Lithium Storage Mechanisms and Electrochemical Behavior of Molybdenum Disulfide

Abstract

This study investigates the electrochemical behavior of molybdenum disulfide (MoS2) when utilized as an anode material in Li-ion batteries, particularly focusing on the intriguing phenomenon of extra capacity observed beyond theoretical expectations and the unique discharge curve of the first cycle. Employing a robust suite of advanced characterization methods such as in situ and ex situ X-ray diffraction (XRD), Raman spectroscopy, X-ray photoelectron spectroscopy (XPS), and transmission electron microscopy (TEM), the research unravels the complex structural and chemical evolution of MoS2 throughout its cycling process. A pivotal discovery of the research is the identification of a distinct lithium intercalation mechanism in MoS2, which leads to the formation of reversible LixMoS2. These phases play a crucial role in contributing to the extra capacity observed in the MoS2 electrode.

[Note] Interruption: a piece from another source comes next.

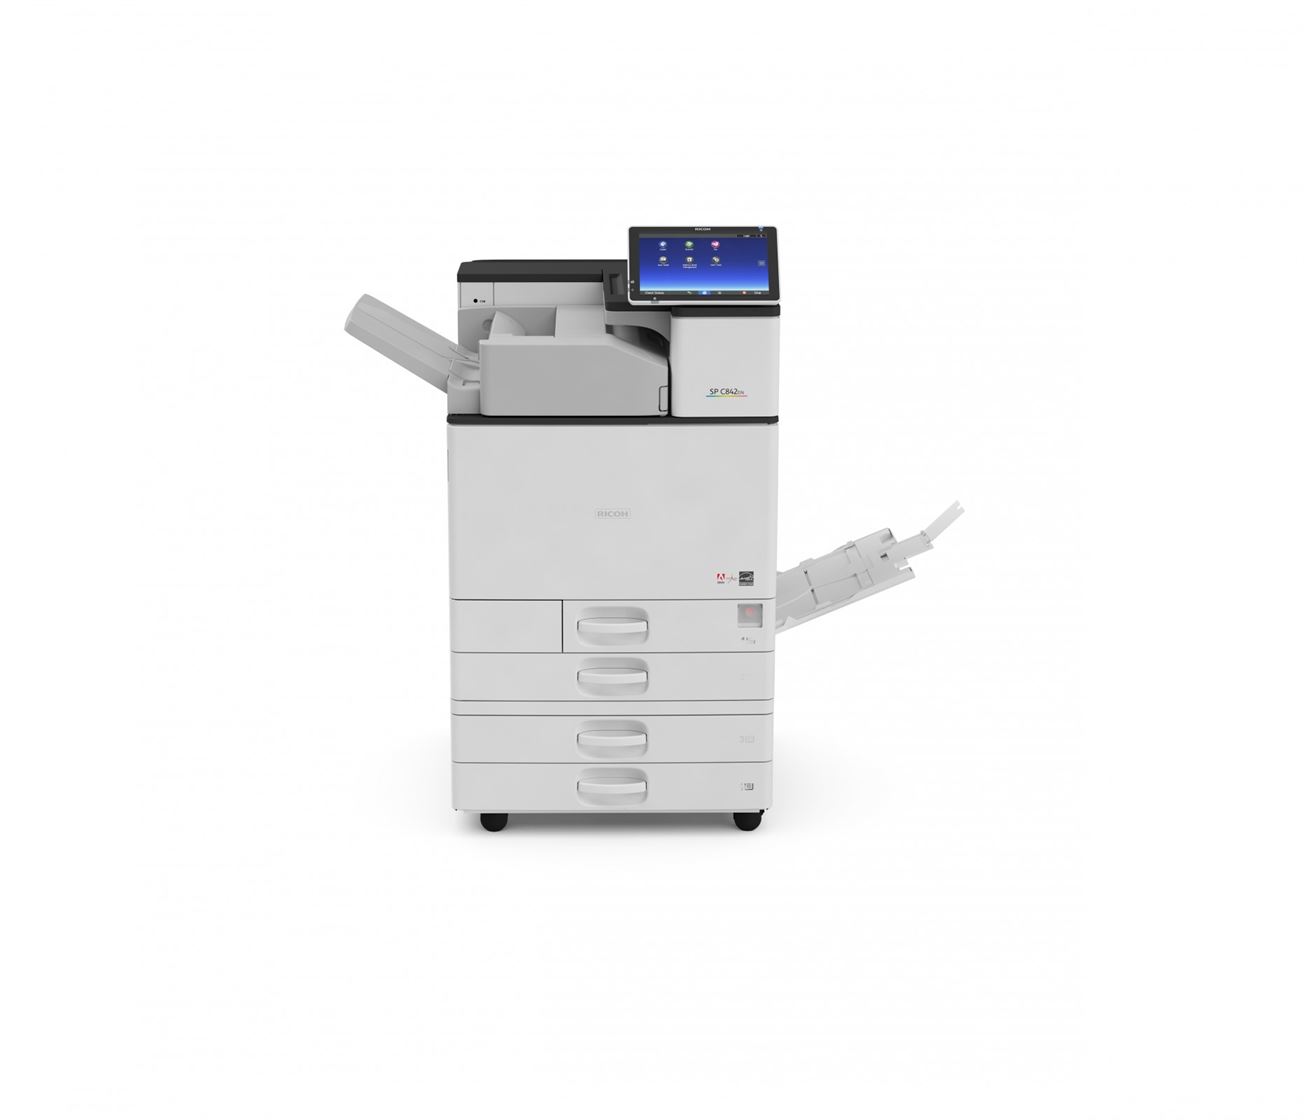 Impresora multifuncional láser color A3 archivos - Sercopi Levante

Additionally, density functional theory (DFT) calculations have been utilized to explore the potential for overlithiation within MoS2, suggesting that Li5MoS2 could be the most energetically favorable phase during the lithiation-delithiation process. This study also explores the energetics of a Li-rich phase forming on the surface of Li4MoS2, indicating that this configuration is energetically advantageous and could contribute further to the extra capacity. The incorporation of reduced graphene oxide (RGO) as a conductive additive in MoS2 electrodes, demonstrating that RGO notably improves the electrochemical performance, rate capability, and durability of the electrodes. These findings are supported by experimental observations and are crucial for advancing the understanding of MoS2 as a high-capacity anode material. The implications of this research are significant, offering a pathway to optimize the design and composition of electrode materials to exceed traditional performance and longevity limits in Li-ion batteries.